New sites popped up every day. Some involved GPS, others musical taste. One for cats. One for dogs. One for rich globe-trotting socialites. And to my horror, a pattern began to emerge: not one had fixed social mores. They were always evolving.
So I gave up.
These days at parties someone will occasionally ask for my MySpace page and go a little pale when I announce loudly that I don’t have one. Sometimes I even deliver an animated diatribe in which I compare twentysomethings with MySpace pages to middle-aged men who hang out at the Mall. But it’s just an ugly trick to hide my shame. My digital corpse has begun to contaminate my real life with the smell of decay.
Dating—now nearly impossible to negotiate without social networking—has become a nightmare. Asking for someone’s email address seems like the equivalent of inviting myself in for coffee and then dropping my pants. Mention Friendster, and I might as well say that I live with my mom.
Every day things get a little bit worse. Before long online socializing will be a critical component of assembling a resume for a career. It will be the way deals get done and hands get shaken. It’s already where fame and prestige are earned and displayed. Soon, parents will start their children on social networking like they would preschool or piano lessons.

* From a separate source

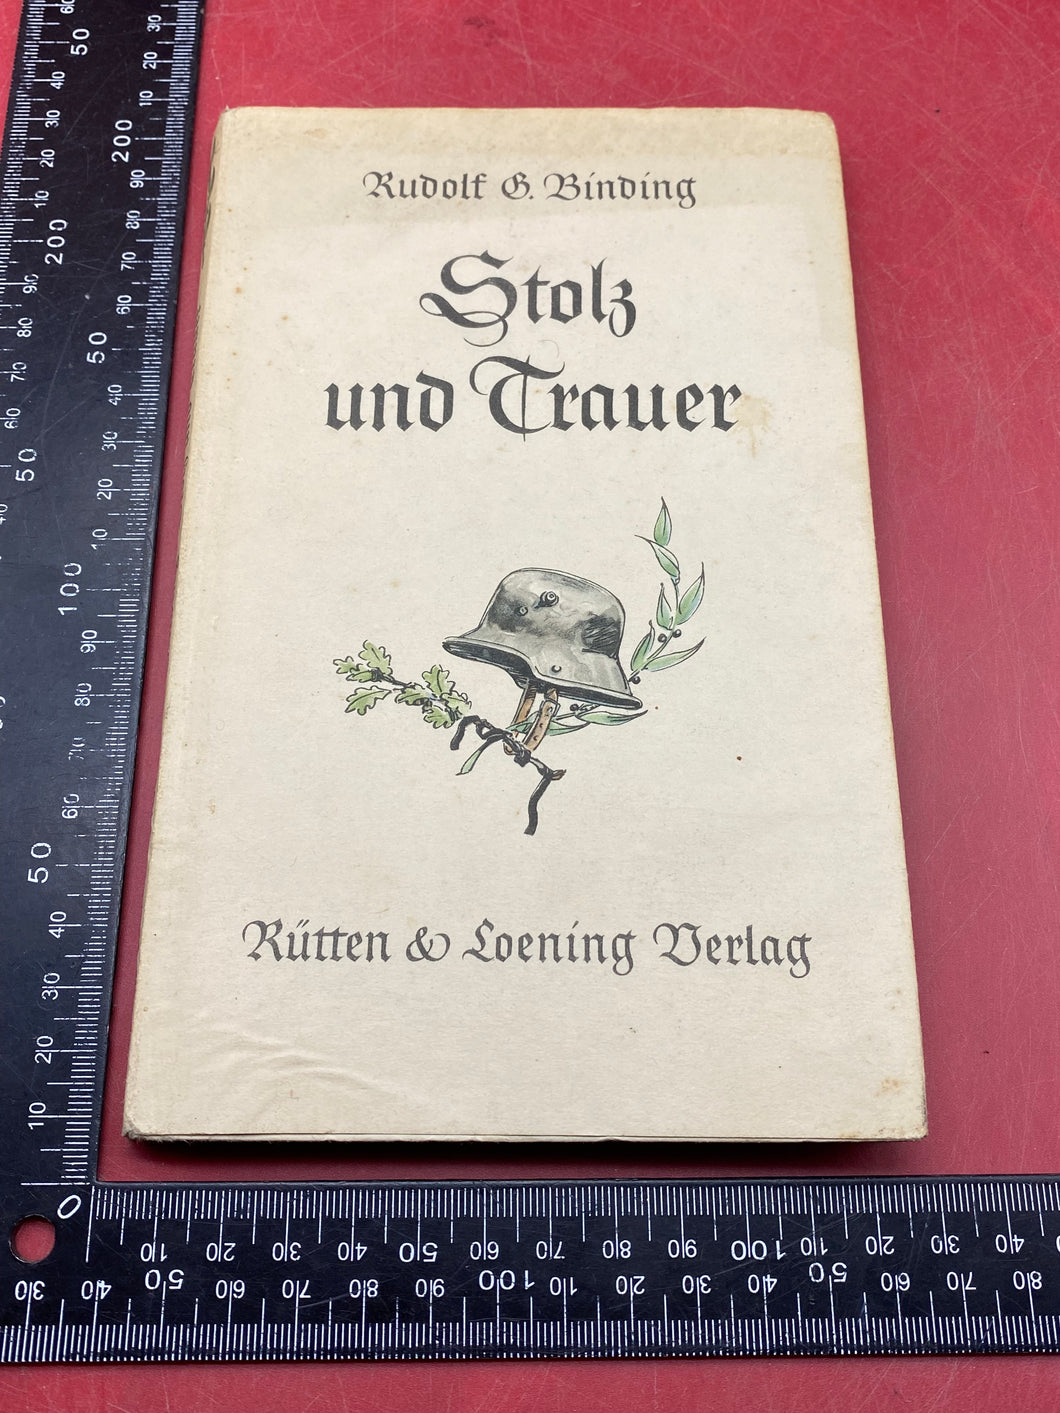 Original 1940 Dated WW2 German Stolz under Trauer Book

Maybe I deserve to be digitally lame. Maybe I laughed too hard at the Baby Boomers who have struggled for a decade with computers. Maybe I made a terrible mistake of assumption. The true electronic generation gap may not lie between those who can use a computer and those who can’t. It’s irrelevant who has the tools, what matters is understanding the rules.
I brazenly assumed that shifts in social hierarchy were as rare as strikes of lightning. Sure, every once in a while a crop of high school seniors suddenly drive cars, but as far as I knew, the social game as old as time itself was to scramble up the pyramid to a comfortable spot and hang on like hell when the foundation shook. Rule changes were infrequent and anathema.
But on the internet, rules change daily. In fact, social mores evolve faster than traditions can take root. For people like me, this is terrifying; since there is no corpus of understanding to learn from, there is no way to catch up. But for children who are natives of online social networking, this flux is a given, a fact of life. It’s the new truth of the schoolyard. I might as well be an immigrant: just hoping that my kids will have a chance to make something of themselves in an unfamiliar country.
So it looks like I’ll be eating lunch in the library for a while longer. But with any luck, you’ll be joining me soon.